Simone Biles is the star of the world. Obviously. She's just better than you. And by you, I mean everyone. She's a thoroughly enjoyable national champion. I even had a moment where I was eager to hear Simone's post-meet interviews, which is strange and new territory. Can you believe it? I want to know what she's going to say! Who was the last US gymnast who was engaging enough in interviews to make them worth watching? Alicia Sacramone? That's a victory in itself. Who even cares about the meet?
Especially because Simone's excellence made the whole thing not super exciting. We were left to try to enjoy the scraps of the fight for second, which is inherently non-dramatic. It's like when you're playing a board game with a group of people, someone wins, and then someone else inevitably says, "Do you want to keep playing for second?" and you're like ". . . no." That was this national championship. At least Sam Mikulak had the decency to kind of screw up on the first day so that he could mount a glorious and dramatic comeback on day 2 to make it competitive and down-to-the-wire and all the other things we like.

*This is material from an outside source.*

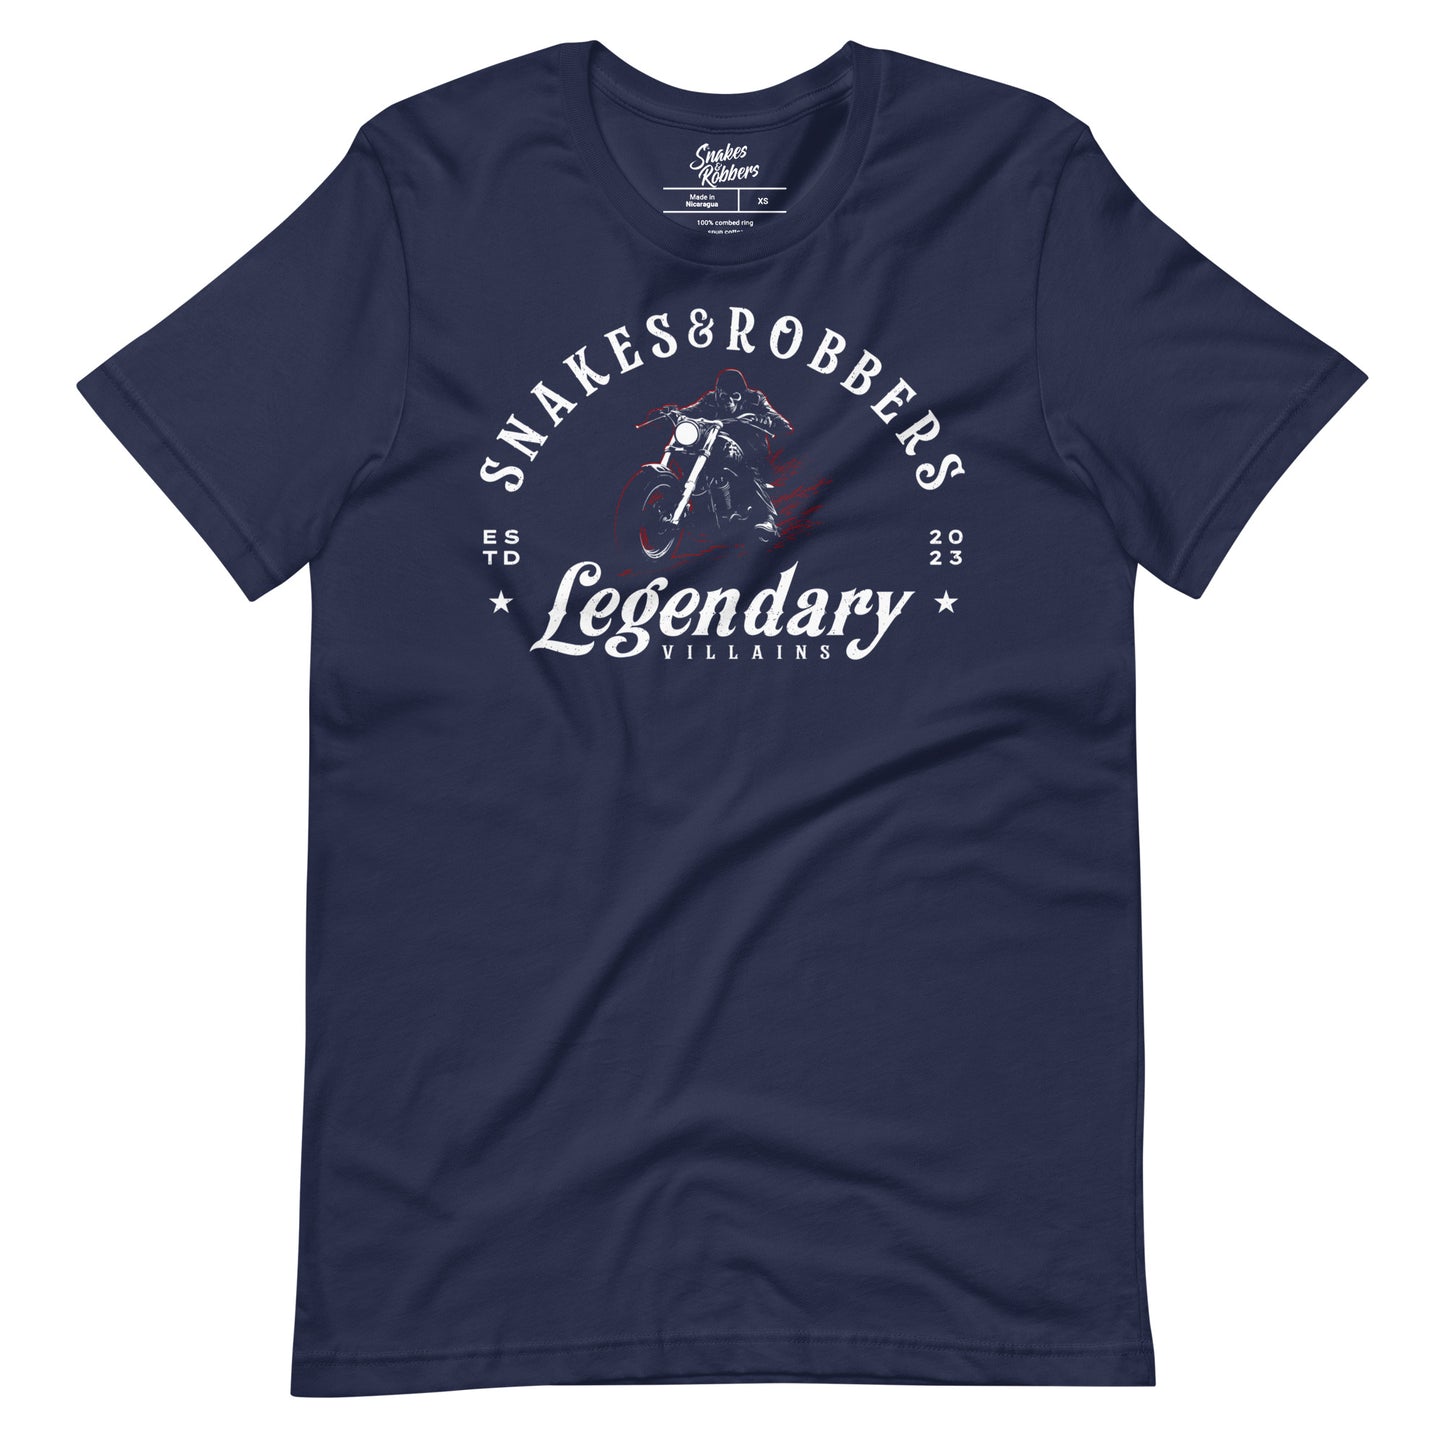 Legendary Villains Unisex Retail Fit T-shirt

My favorite part of the men's second day was listening to Tim Daggett try to balance his commentary between "Jake Dalton is obviously not going to win—he finishes on pommel horse" and trying to force himself to pretend like Dalton was still in it for the title to feed into the Trautwiggy/NBCy need to turn up the drama and make everything into "THE BIGGEST MOMENT OF HIS LIFE," which I think Al said at least six times. Well, at one point he said, "the last rotation of his life," which was weird and morbid and I didn't know what was happening. Someone who has a lot of time and energy should go through all the old NBC broadcasts and cut together every time Al says that a routine is the biggest moment of someone's life. It would be an epic miniseries. Nastia alone probably had between 12 and 15 biggest moments of her life.